From previous studies, we have evidenced that APP (amyloid precursor protein) and Aβ protein demonstrated fundamental functions in a variety of central nervous processes in the treatment for AD . Therefore, we did not focus all the pathogenic hallmarks of AD. We highlight the selctive molecules that have shown the inhibition of Aβ levels and for the disease modifying treatments for AD (BACE1 inhibitors). We did not cover the interaction of fluorinated molecules with tau protein as we were focusing on highlighting the role of flourine-containing compounds as anti-amyloid agent. Similarly, we did not cover all the pathofenic fragments of APP. As our main goal is to highlight the importance of fluorine and suggest a new approach in combination with nanotechnology.

Comment 4:

The writing style needs improvement. For example, “The complete disappearance of monomeric NMR signals were observed after 14 h in case of non-fluorinated peptide whereas the peak intensity did not decrease until 0 in presence of fluorinated amino acid indicated the presence of monomeric Aβ42 even after 20 h of incubation and slow kinetic depletion rate.” Such a sentence is hard to understand.

We are grateful for the observation made and this sentence has been rewritten.

“The complete disappearance of monomeric NMR signals was observed after 14 h in case of non-fluorinated peptide. Whereas monomeric Aβ₄₂ was detected even after 20 h incubation.”

Comment 5:

Please proofread the paper and check grammar issues.

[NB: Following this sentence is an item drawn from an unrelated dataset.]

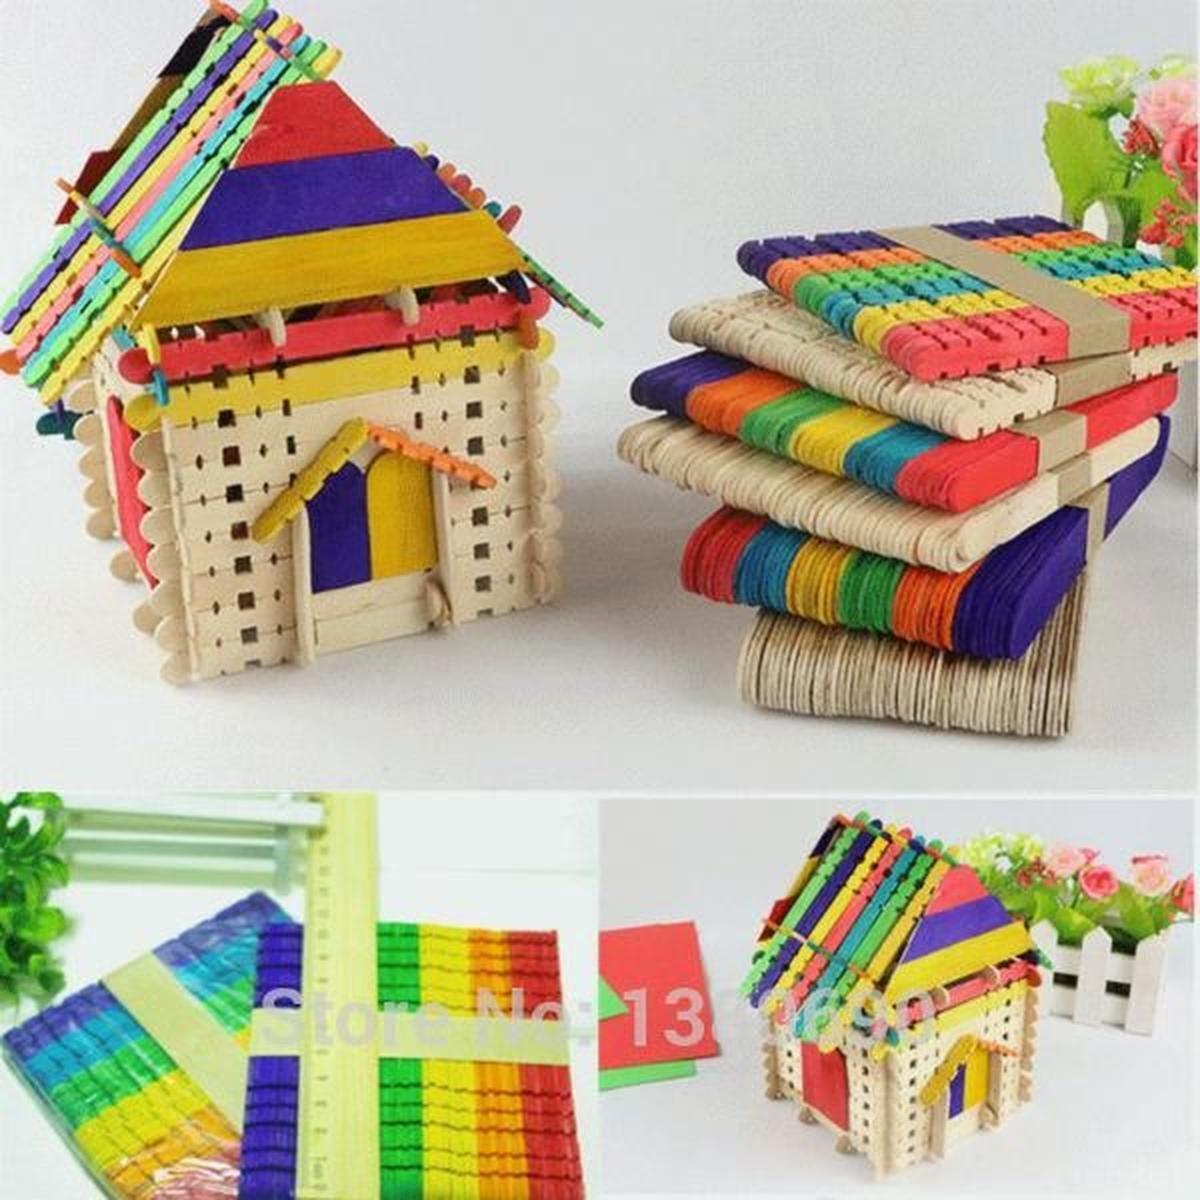 100Pcs/lot En Bois Popsicle Bâton Enfants Main Artisanat Art concernant Bricolage Avec Baton De Bois

Thanks for the comment. The authors proofread the manuscript and made improvements. The changes are highlighted.

Comment 6:

Table 1, the authors list “therapeutic effect”, but the content is hard to understand, and I think “used as a model to understand the…” is not a therapeutic effect. I would also suggest removing the column “experiment”; for the column “models used”, it is hard to understand when the authors just put “ Aβ42 peptide sequence” or “MDRI-MDCK cells”. Similar questions applied to Table 2. Furthermore, the format should be consistent. In table 2, the authors sometimes use present tense, such as “inhibit BACE1 activity”, sometimes used past tense, such as “ Decreased the Aβ levels in CSF”, and sometimes use nouns “Potent reduction of amyloid levels”, please keep consistent.

We totally agree with the reviewer’s comment. In fact, the previous table could induce confusion on readers. Both tables were re-written in present tense. Taking your suggestion, “experiments” column were removed from all the tables. The changes are highlighted in the revised manuscript.

Comment 7:

I suggest the authors discuss the safety and toxicity of fluorinated molecules and nanotechnology when applied alone or in combination for treating Alzheimer’s disease.

We are grateful for the observation made and we totally agree with the referee’s comment. Information about the safety and toxicity of fluorinated molecules were included in the section 2.

Lines 103-112:

“However, unsuitable fluorine positioning in a bio-active compound or a drug molecule can cause stability and toxicity issues. The concern regarding the toxicity of fluorinated molecules has drawn attention to medicinal chemists in the last few years due to the instability of C-F bond in the presence of a nucleophile or drug-metabolizing enzymes [46]. There is a clinical evidence that shows the prolong use of antifungal voriconazole can increase plasma fluoride levels and lead to painful periostitis/exostoses in patients [47].

With the discovery of more innovative fluorinated molecules, medicinal chemists and other researchers are equipped with more powerful tools to recognize the potential liability of fluorinated molecules/drugs and play around in placing fluorine atoms at different position for tackling such issues [46].” 

Round 2

Reviewer 2 Report

The concerns are addressed by the authors.